Hallo Alexander und :willkommen

Fressen sie denn ? Und welche Wasserwerte hat dein Teich ?


----------



## alexander (3. Apr. 2009)

*AW:  störe sind gegenwärtig sehr phlegmatisch*

hallo uwe die störe fressen und die wasserwerte sind nach messung eines experten top


----------



## Christine (3. Apr. 2009)

*AW:  störe sind gegenwärtig sehr phlegmatisch*



alexander schrieb:


> ...messung eines experten...



Hallo Alexander,

auch von mir herzlich willkommen.

Und - kann Dir Dein Experte nicht sagen, was mit den Stören los ist?

Wenn unsere Stör- und Fischspezies Dir weiterhelfen sollen, musst Du Ihren schon genauere Angaben machen und dazu gehören die von Uwe angefragten Wasserwerte. Mit der Aussage "top" können sie nichts anfangen. Was für einen __ Goldfisch super ist, muss für einen Stör noch lange nicht gut sein.


----------



## stu_fishing (3. Apr. 2009)

*AW:  störe sind gegenwärtig sehr phlegmatisch*

Ich würde mir da aktuell noch keine Sorgen machen- es kann durchaus noch an den kalten Wassertemperaturen liegen. Meine Waxdick und Sterlets sind auch noch inaktiv, während die Hausen und baeriis bereits fleißig ihre Runden drehen.

Aber Wasserwerte/ Beibesatz und ähnliches wären doch interessant.
LG Thomas


----------



## holly1357 (3. Apr. 2009)

*AW:  störe sind gegenwärtig sehr phlegmatisch*

hi, 

da teile ich meine meinung mit stu_fishing. mein waxdick liegt auch ganz ruhig am boden. wobei mein waxdick hybrid zu hochtouren aufläuft, hat immer hunger und dreht fleißig seine runden. aber das sagt bei dem nichts, der war auch im winter beim zugefrohrenen teich immer am loch und hat nach futter gesucht.
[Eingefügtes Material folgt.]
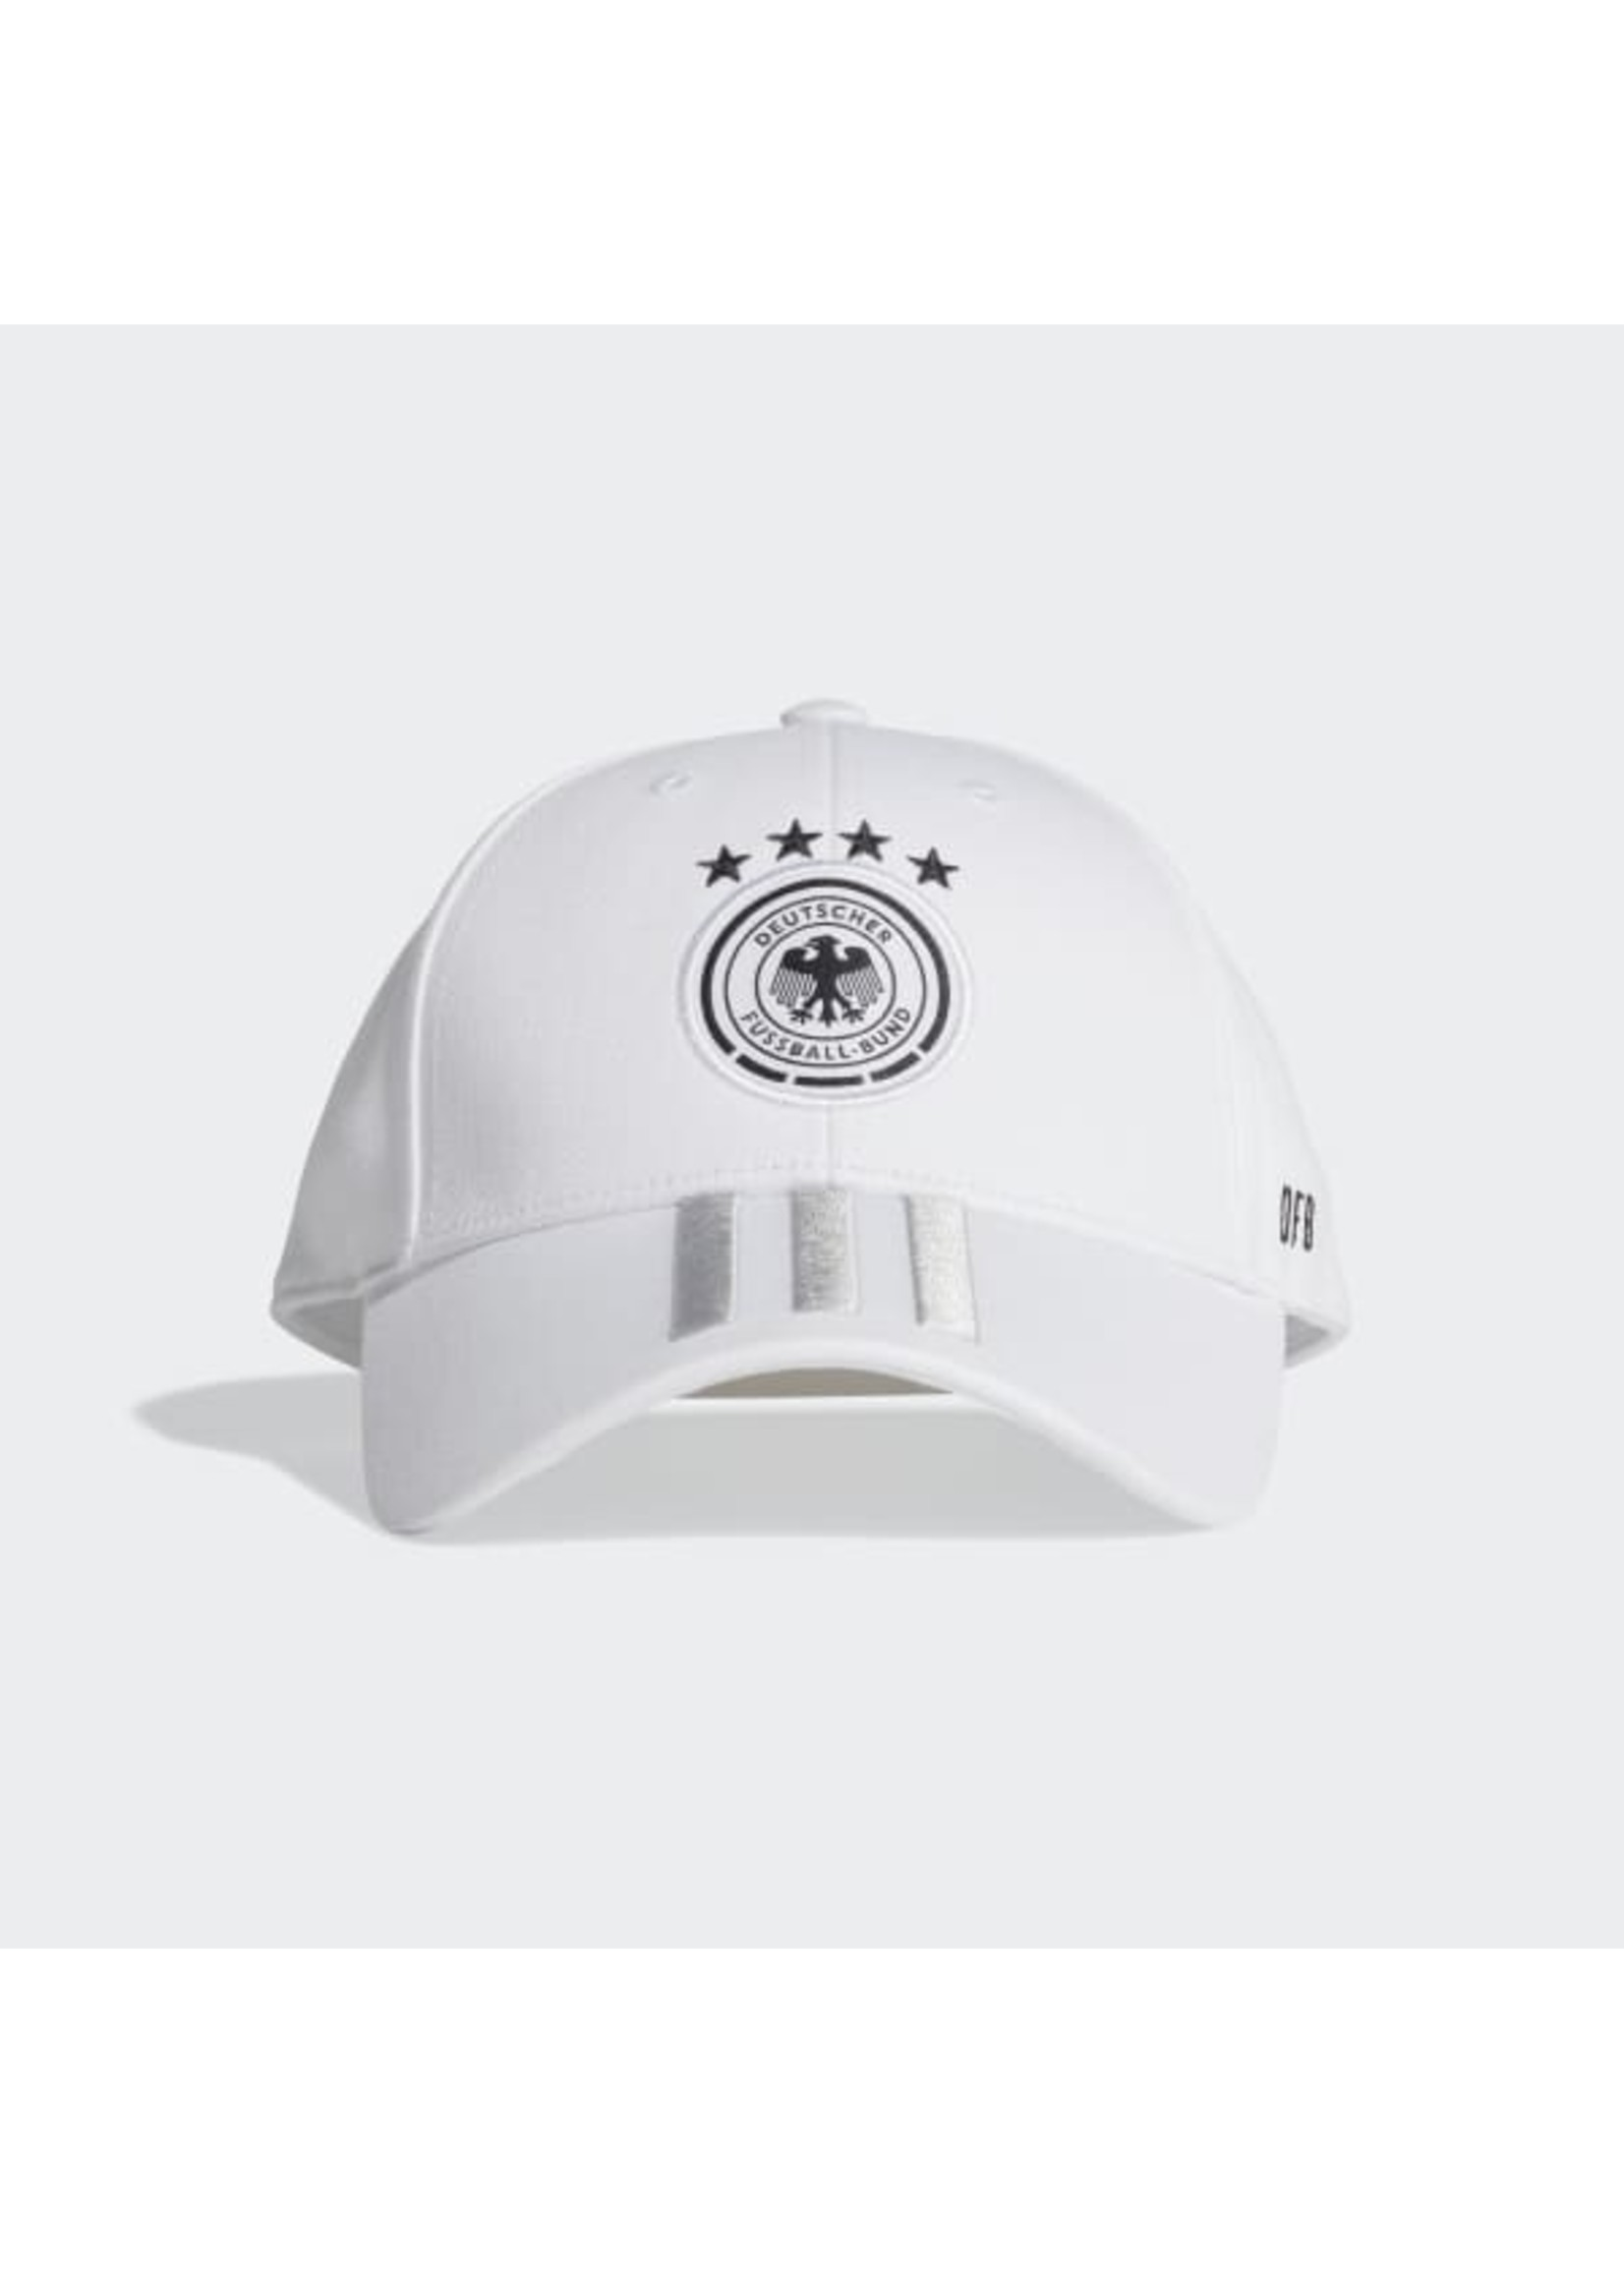 Adidas GERMANY CAP

die werden schon noch wach.... jetzt kommt der frühling


----------



## alexander (4. Apr. 2009)

*AW:  störe sind gegenwärtig sehr phlegmatisch*

hallo ich bedanke mich für die hinweise und bin auch wieder ein bischen optimistischer das alles gut wird. meine sorge wurde auch noch gestützt durch den verlust von 2 "40cm grossen welsen" die plötzlich tot waren. das lag sicherlich an den dauerbetrieb der filteranlage über den winter durch. grüsse von alexander


----------



## toschbaer (4. Apr. 2009)

*AW:  störe sind gegenwärtig sehr phlegmatisch*

Hallo Alex,


> ich bedanke mich für die Hinweise und bin auch wieder ein bisschen optimistischer das alles gut wird. Meine Sorge wurde auch noch gestützt durch den Verlust von 2 "40cm grossen Welsen" die plötzlich tot waren!! Das lag sicherlich an dem Dauerbetrieb der Filteranlage über den Winter durch. grüsse von alexander



Hmmm,
Ich möchte Dir Deinen Optimismus nicht nehmen, aber wenn Welse sterben(__ Katzenwels, gehe ich von aus, diese werden nicht größer als 40-45cm), dann ist irgendwas nicht in Ordnung: denn die halten doch so einiges aus; z.B. als ich vor zig Jahre den alten Teich umbaute, fand ich nach 3 Tagen 2 Welse im Schlamm  Ich wusste damals gar nicht, dass ich noch welche im Teich hatte!!  ...und was die alles so durch gemacht haben, dass will ich auch nicht alles erzählen!shock
Auf jeden Fall habe ich sie immer noch im alten Teich - werde sie aber bald verschenken!
Zu den Stören: ich habe ja auch welche und meine sind immer gut unterwegs  und suchen immer nach etwas Fressbarem.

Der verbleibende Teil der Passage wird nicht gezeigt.